For the future, it's much better when the test cases include their expected result.

For example:
shouldBe("range.toString()", "Here");
is much clearer than:
+    log("word5: " + range.toString());

Because implementers don't have to compare with a golden file to know if they've passed/failed the test.


Even better is to use functions to make the test expectations even more readable, like:

shouldBe("expandRange(mydiv, 2, mydiv, 3, 'word')", "Here");

Where "expandRange" is some locally defined function which does the right thing.

shouldBe will print the function call text and if it passed or failed.  
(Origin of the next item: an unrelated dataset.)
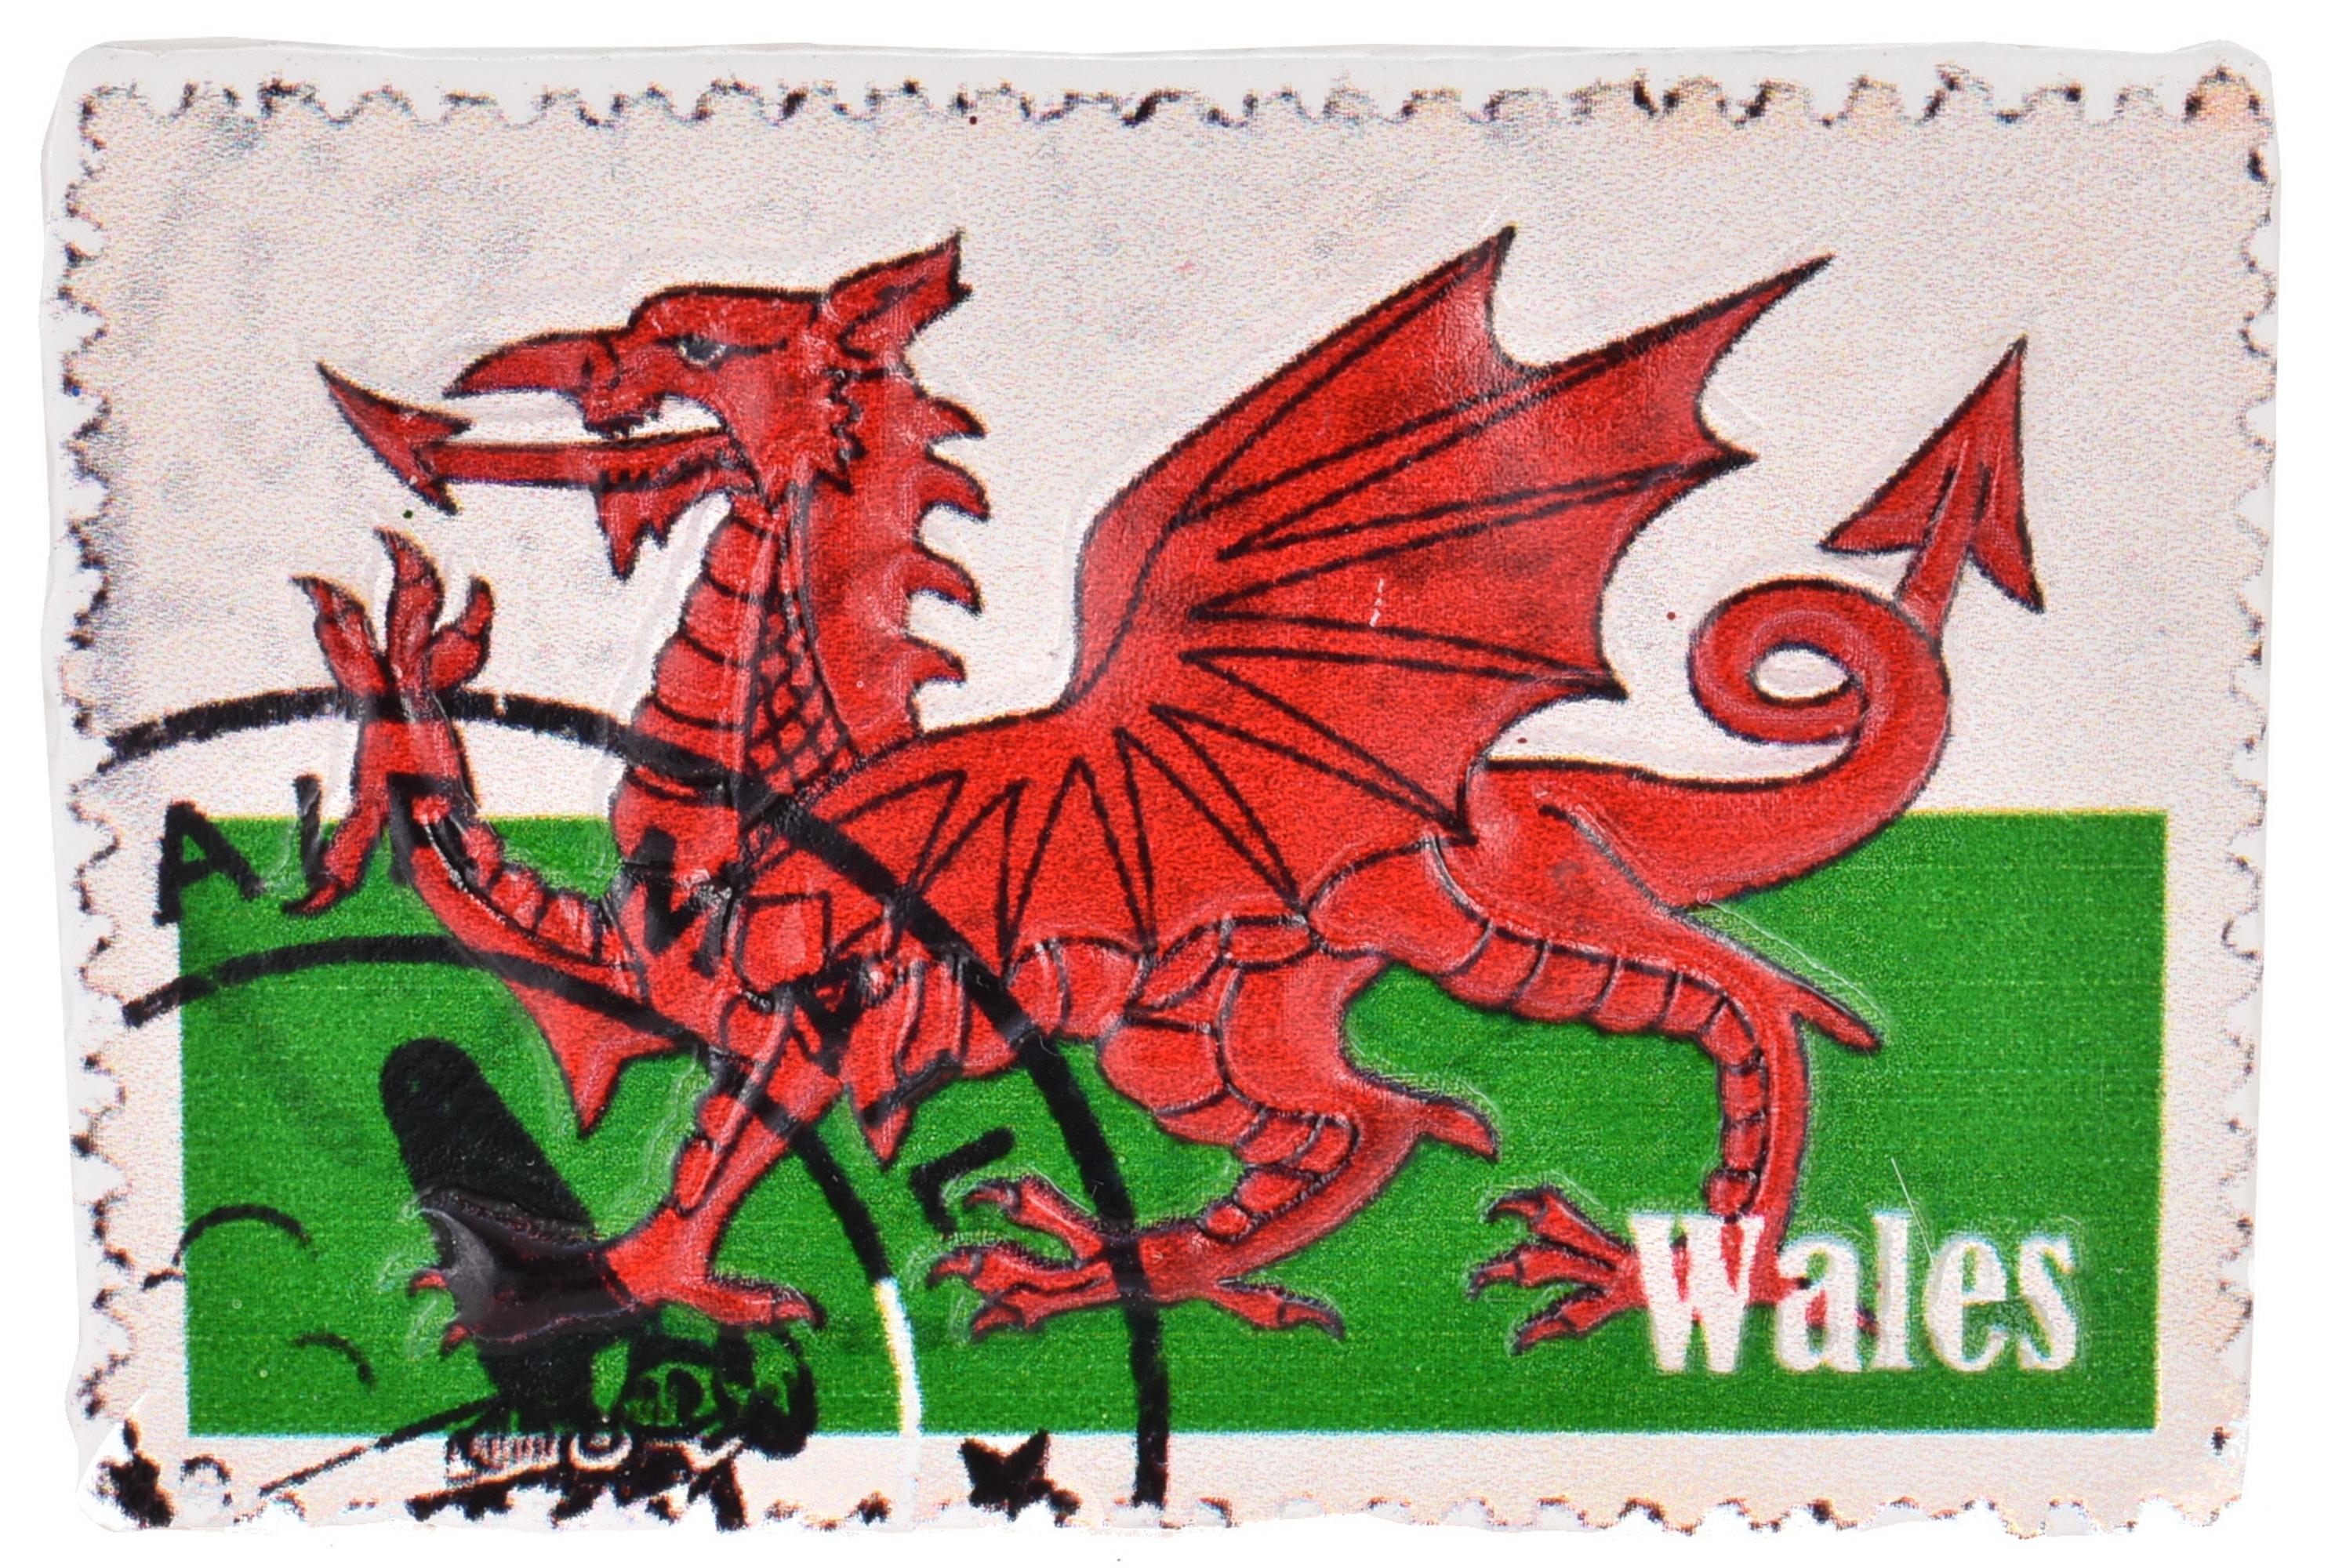 Wales Resin Magnet Flag Stamp Design Printed

Use of the "shouldBe" asserts require the test to be a script test/DOM only test, which is documented here:
http://trac.webkit.org/wiki/Writing%20Layout%20Tests%20for%20DumpRenderTree

I'll r+ the patch for now.  If you'd like to update the test more and upload a new patch that's great.  If you're pressed on time for other things that's OK too, and someone can mark this commit-queue+ tomorrow after you've had a chance to see my comments.
Comment 13 Eric Seidel (no email) 2009-09-02 14:17:05 PDT
Well, technically speaking the "shouldBe" stuff doesn't require that your test be js-only, its just that make-js-test-wrappers includes the right LayoutTests/fast/resources/js-test-pre.js for you.  However you can just include those scripts manually to get the fancy functions.
Comment 14 Adam Barth 2009-09-06 21:56:02 PDT
Comment on attachment 38625 [details]
patch w/ layout test

Tomorrow was a while ago.
Comment 15 Eric Seidel (no email) 2009-09-06 21:59:18 PDT
Comment on attachment 38625 [details]
patch w/ layout test

Rejecting patch 38625 from commit-queue.  This patch will require manual commit.

WebKitTools/Scripts/build-webkit failed with exit code 1
Comment 16 Eric Seidel (no email) 2009-09-07 00:14:47 PDT
Unfortunately we don't currently save build logs on the commit bot, so I can't tell you the exact compile failure, but it should be pretty obvious if you try compiling on a Mac with tip of tree.

bugzilla-tool apply-patches 27632
or
bugzilla-tool land-patches 27632

would be an easy way to see the error.
Comment 17 Eric Seidel (no email) 2009-09-08 12:43:30 PDT
Comment on attachment 38625 [details]
patch w/ layout test

r- because this fails to build, per above.
Comment 18 Xiaomei Ji 2009-09-10 14:16:43 PDT
Created attachment 39380 [details]
patch w/ layout test

I have no idea how I checked my local build was successful last time. Sorry for the inconvenience!
Uploaded the patch again. And changed the test to have expected results in test file (but I did not try hard enough to make shouldBe work, instead, I used my own log printing.)
Comment 19 Eric Seidel (no email) 2009-09-10 14:22:14 PDT
Comment on attachment 39380 [details]
patch w/ layout test

LGTM.

Technically I think that the webkit style for JS it to put spaces around all operators, like "i=0" should be "i = 0".  But it's totally OK as is.
Comment 20 WebKit Commit Bot 2009-09-10 14:42:37 PDT
Comment on attachment 39380 [details]
patch w/ layout test

Rejecting patch 39380 from commit-queue.

This patch will require manual commit. ['WebKitTools/Scripts/run-webkit-tests', '--no-launch-safari', '--quiet', '--exit-after-n-failures=1'] failed with exit code 1
Comment 21 Eric Seidel (no email) 2009-09-10 14:50:05 PDT
Comment on attachment 39380 [details]
patch w/ layout test

storage/database-lock-after-reload.html -> failed

I need to file a bug about that test, this is not the first commit to fail from it being flakey.
Comment 22 WebKit Commit Bot 2009-09-10 16:01:05 PDT
Comment on attachment 39380 [details]
patch w/ layout test

Clearing flags on attachment: 39380

Committed r48271: <http://trac.webkit.org/changeset/48271>
Comment 23 WebKit Commit Bot 2009-09-10 16:01:12 PDT
All reviewed patches have been landed.  Closing bug.